Demystifying Value and Policy Iteration Algorithms in Reinforcement Learning (Part 1)

12 min readAug 18, 2023

For the longest time, the concepts of value iteration and policy iteration in reinforcement learning left me utterly perplexed. Although both methods lead to the same result, they employ different approaches to achieve this outcome. In this new blog series, I aim to simplify these concepts based on my understanding, hoping that it will help you grasp them as well. Before diving into the details, I recommend watching this insightful video by Alice Gao on YouTube: [Link to the Video].

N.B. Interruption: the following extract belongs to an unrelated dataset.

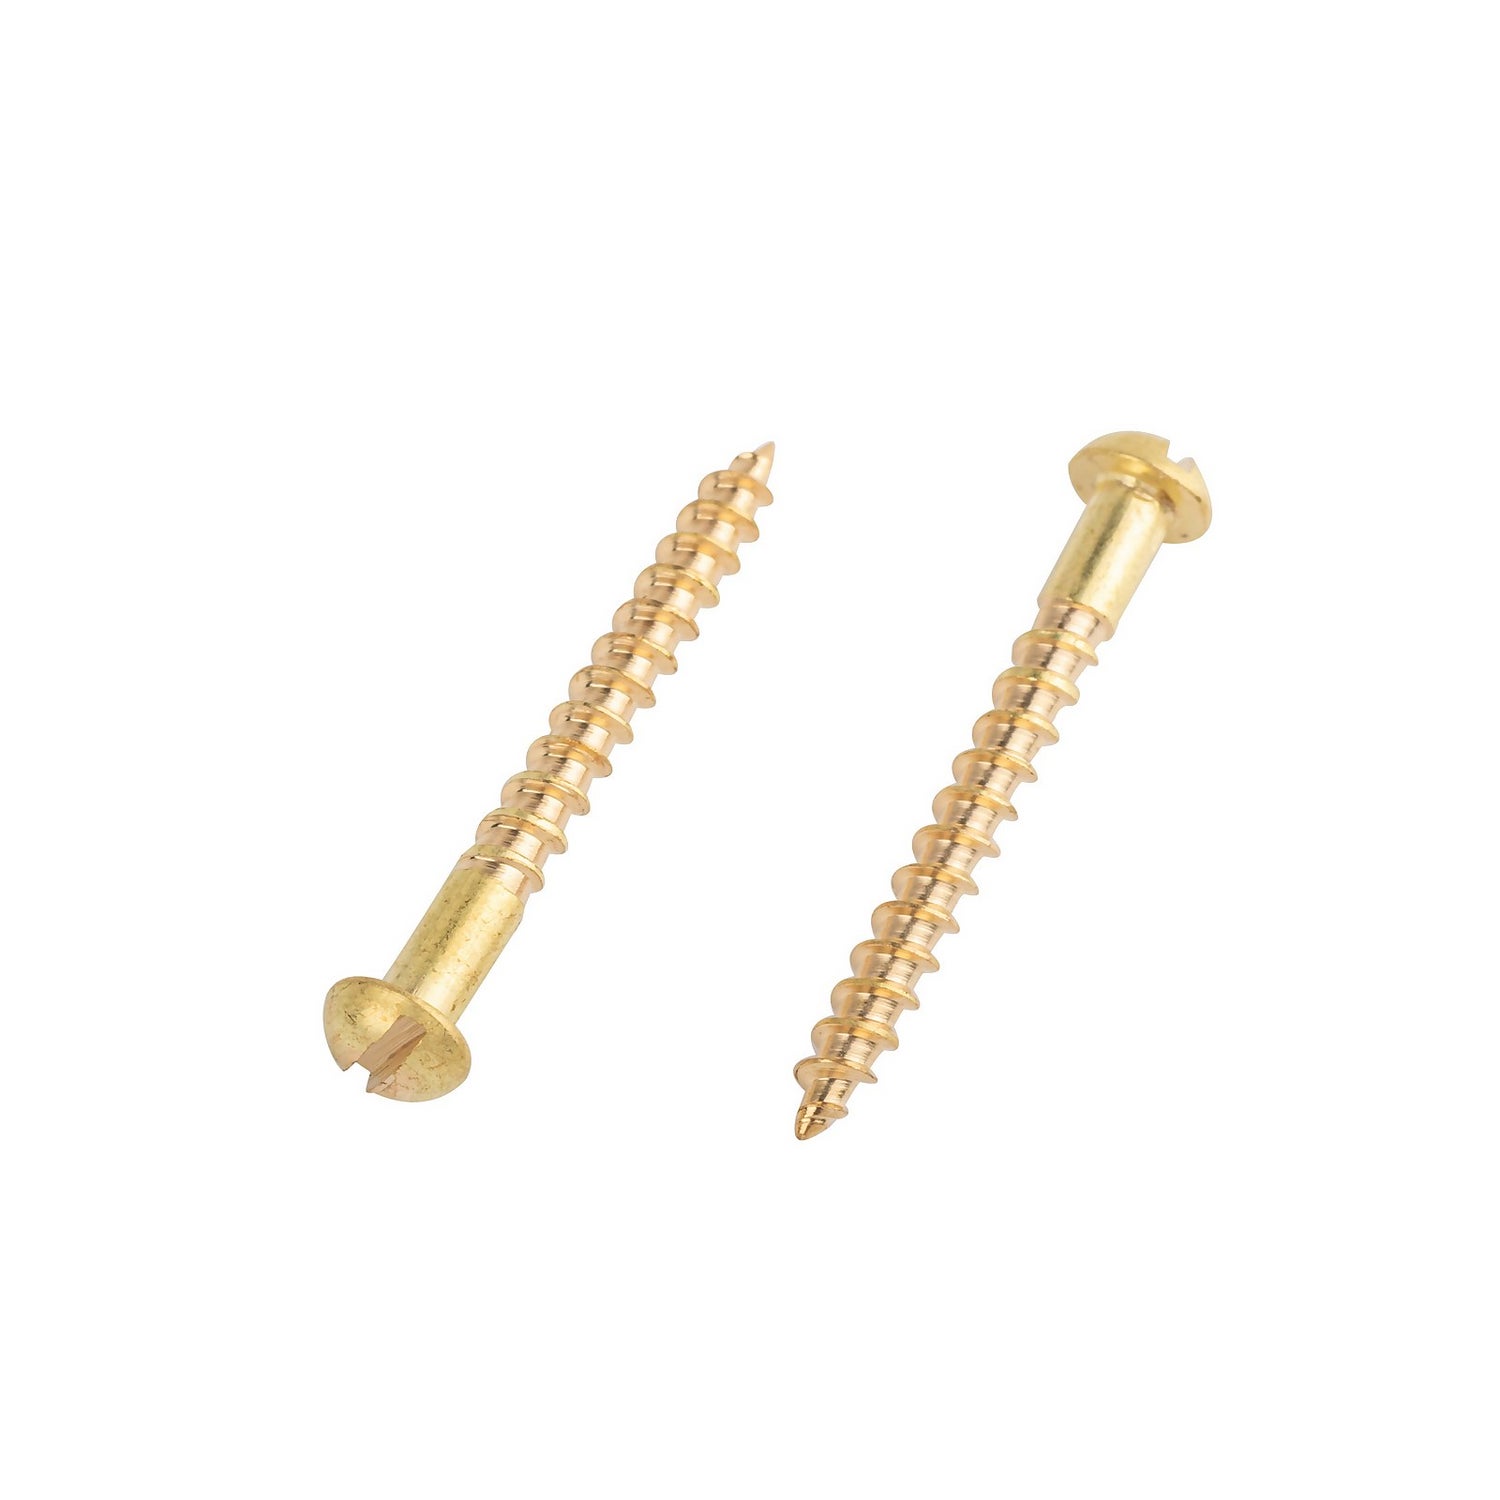 Antique Brass-Plated Wood Screw, Oval Head, Square Drive, Regular Thread,  Regular Wood Point - Reliable Fasteners

Now, let’s take a step back and provide some essential background and context. First, let’s discuss Reinforcement Learning (RL):

Reinforcement Learning (RL):

Reinforcement learning is one of the three broad categories of machine learning, alongside supervised and unsupervised learning, for those who may be less familiar with the field. In a concise definition, RL is the process of teaching a machine (an agent or agents) how to act intelligently within an environment, whether static or dynamic, through trial and error. Over time, the agent becomes capable of autonomously making decisions within the environment to reach a specific goal. The agent strategically selects actions that lead to the highest rewards or the least penalties. To put this into perspective, imagine yourself driving a car with the sole objective of minimizing fuel consumption while navigating from point A to point B. You are faced with three different routes, as depicted below:

[Source: Author] Travel Paths for Destination ‘B’ from ‘A’.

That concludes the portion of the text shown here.